Chris Murphy, co-head of derivatives strategy at Susquehanna International Group, said: “If you were sitting on some serious gains heading into this year and you want to protect those gains, it was an effective strategy.”
Deer Park Road Management Co. bought puts on 2.15 million ARKK shares with a notional value of about $258 million. Deer Park Chief Investment Officer Scott Burg said: “As rates have been going up, the tech stocks have been getting crushed. You could see that in the first quarter.”
Efrem Kamen, the head of New York-based Pura Vida Investments, said: “The Ark Innovation fund had a tremendous run over the course of 2020 and early 2021. However, the level of fund flows into the ETF appeared to be extreme.” Kamen’s fund bought puts on 622,500 ARKK shares with a notional value of about $75 million.
“Volatility on Ark Innovation ETF was an efficient way to hedge some of the factor risk in our portfolio,” Kamen continued.

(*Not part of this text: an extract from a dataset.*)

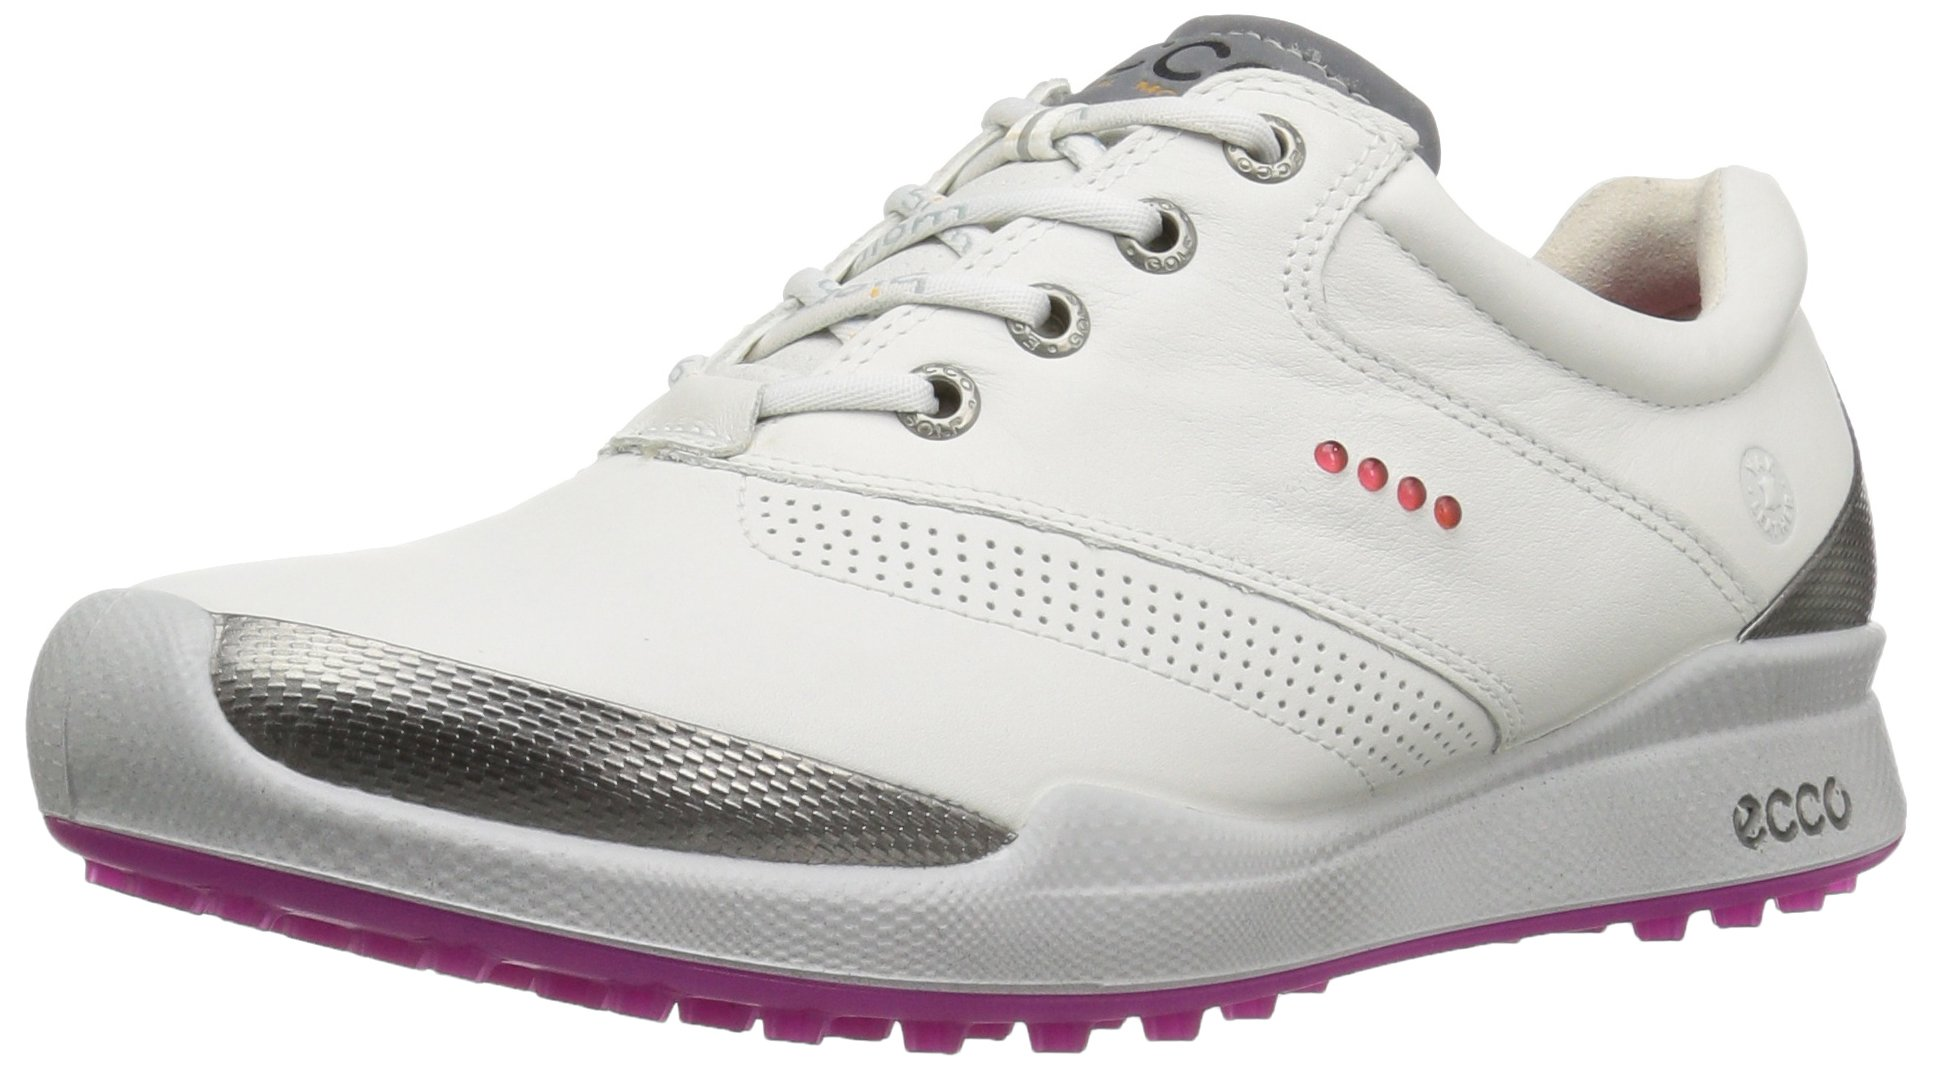 ECCO Women's Biom Hybrid Hydromax Golf Shoe, White/Candy, 39 EU/8-8.5 M US by ECCO (Image #1)

Eric Balchunas, an ETF analyst for Bloomberg Intelligence concluded: “Sometimes hedge funds look at Tesla and Ark, and think ‘This is just way too much and I can make a killing here.’”
Recall, at the beginning of 2021, we noted that short interest in Wood’s funds had “exploded” amidst their rise in 2020.
And while shorts may have been paid modestly in 2021 so far, with ARKK about 30% off its highs, Wood’s ARK hasn’t sank just yet. Days ago we wrote that Wood’s strategy of selling liquid tech names in order to rotate into smaller, more “speculative” names has miraculously held up, so far, in 2021.
Despite selling some of her largest holdings, ARK “no longer holds a stake bigger than 20% in any stock,” Bloomberg reported this week. The firm’s largest holding, formerly 21.3% in Compugen, is now down to 17.2%.
Nikko Asset Management has a minority stake in ARK and the number of stocks where the two asset managers own more than 20% has fallen to 8 names, from 10.
Tom Essaye, a former Merrill Lynch trader, told Bloomberg: “This is an evolution a bit — Ark accepting it’s a large fund-family now. It makes sense that especially in some of the smaller cap names they are reducing that concentration. How much money you put to work in the smaller names can alter the risk-reward calculation.”
ARK’s flagship “Innovation” fund is down more than 32% from its peak on February 12, but outflows haven’t yet been rushed. This has allowed Wood the time for “an orderly adjustment of positions”.
Todd Rosenbluth, head of ETF & mutual fund research at CFRA Research, commented: “My fear was that investors that were relatively new to the strategy would see weak performance and then pull out just as management had increasingly favored some of these smaller companies. But because investors have stayed relatively loyal, they have not had to make changes to the portfolio to meet client redemptions.”